Dustin Poirier: Conor McGregor can pout and scream and try to tell everyone they didn’t see what they saw, but the scorecards for the one round the trilogy fight between Dustin Poirier and McGregor say that Poirier was winning the fight. Two of the judges even said that Poirier took the round quite handily, giving him scores of 10-8.

It’s hard to say what would have happened had the fight gone into the second stanza, but it’s easy to say the advantage heading into that round would have been with Poirier.

Gilbert Burns: Gilbert Burns was prepared for his UFC 264 matchup against Stephen Thompson. Burns has relied on his striking in his recent outings, but he wisely fell back to takedowns and groundwork in his bout with the dangerous Thompson. Burns had two spots where he seemed to needlessly put himself in danger and get overaggressive in his striking. One was in the closing seconds of the first stanza and the second came after Thompson knocked him down in the third round. In the first round, the bell rang before he could get himself in trouble. In the second, Burns transitioned from his striking to a takedown. Other than those two brief moments, Burns fought the way he needed to in order to get the win over Thompson.


UFC 264: ‘Poirier vs McGregor 3’ | 6th Round Post-Fight Show by Bloody Elbow Presents

Tai Tuivasa: Tai Tuivasa and Greg Hardy got after it early in their heavyweight scrap. Tuivasa scored with several heavy low leg kicks before Hardy staggered Tuivasa with head strikes. Hardy then moved in for the kill and immediately got put away by Tuivasa’s striking.

In the victory’s aftermath, Tuivasa said Hardy’s mistake was looking to throw hands with him. Seeing Hardy get knocked out, it seems as if Tuivasa was correct in that assessment.

Irene Aldana: Before UFC 264, Irene Aldana said her loss to Holly Holm was one of her worst performances ever. That fight, which she lost via a five-round decision, took place in October. Aldana had an excellent bounce back performance against Yana Kunitskaya. Aldana dropped Kunitskaya with a perfect left hook. She then followed Kunitskaya to the mat and while it took a while, Aldana ended the fight with ground strikes in the first round.

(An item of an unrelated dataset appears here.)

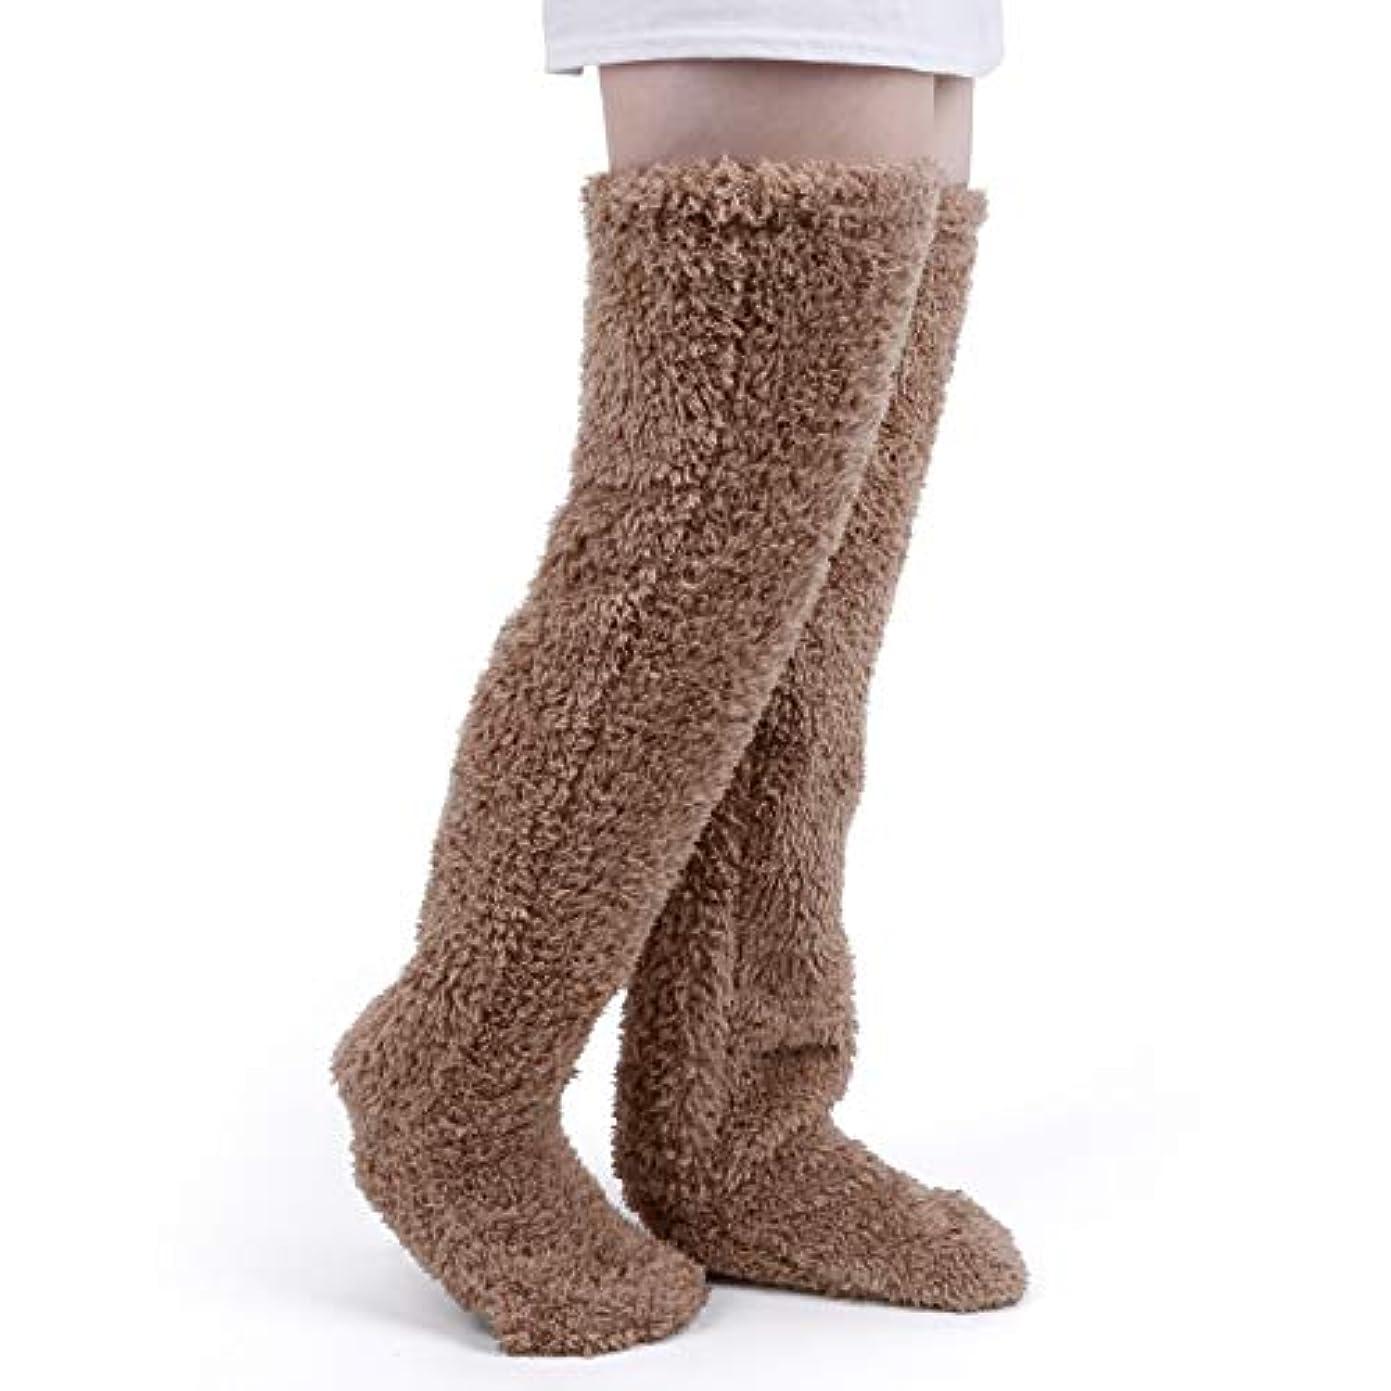 沿ってれんが冷凍庫極暖 足が出せるロングカバー HIMETSUYA ルームシューズ ルームソックス あったかグッズ ロングカバー 冷え性 靴下 ソックス 足の大きさ23~26.5cmまで (茶褐色)

The victory was her second UFC knockout win and seventh overall KO.

Kris Moutinho: I will not say Kris Moutinho exposed Sean O’Malley, but he showed the UFC matchmakers and the UFC bantamweight division that O’Malley is not the killer he says he is. Moutinho got beat to a pulp, but he showed a lot of heart and a lot of guts and for someone who the UFC signed to get knocked out in highlight reel fashion, Moutinho denied the UFC its wish to get O’Malley over.

Max Griffin: Max Griffin made the most of the biggest opportunity of his UFC career on Saturday when he scored a decision over Carlos Condit on the UFC 264 prelims. Griffin used speed, pressure and leg kicks in the early going of the matchup. Griffin showed maturity after he scored a knockdown and backed off before gassing himself out when the finish wasn’t there.

Griffin started his UFC career on a 3-6 run, this is the kind of win that can give a fighter like Griffin the confidence he needs to make some noise in the division.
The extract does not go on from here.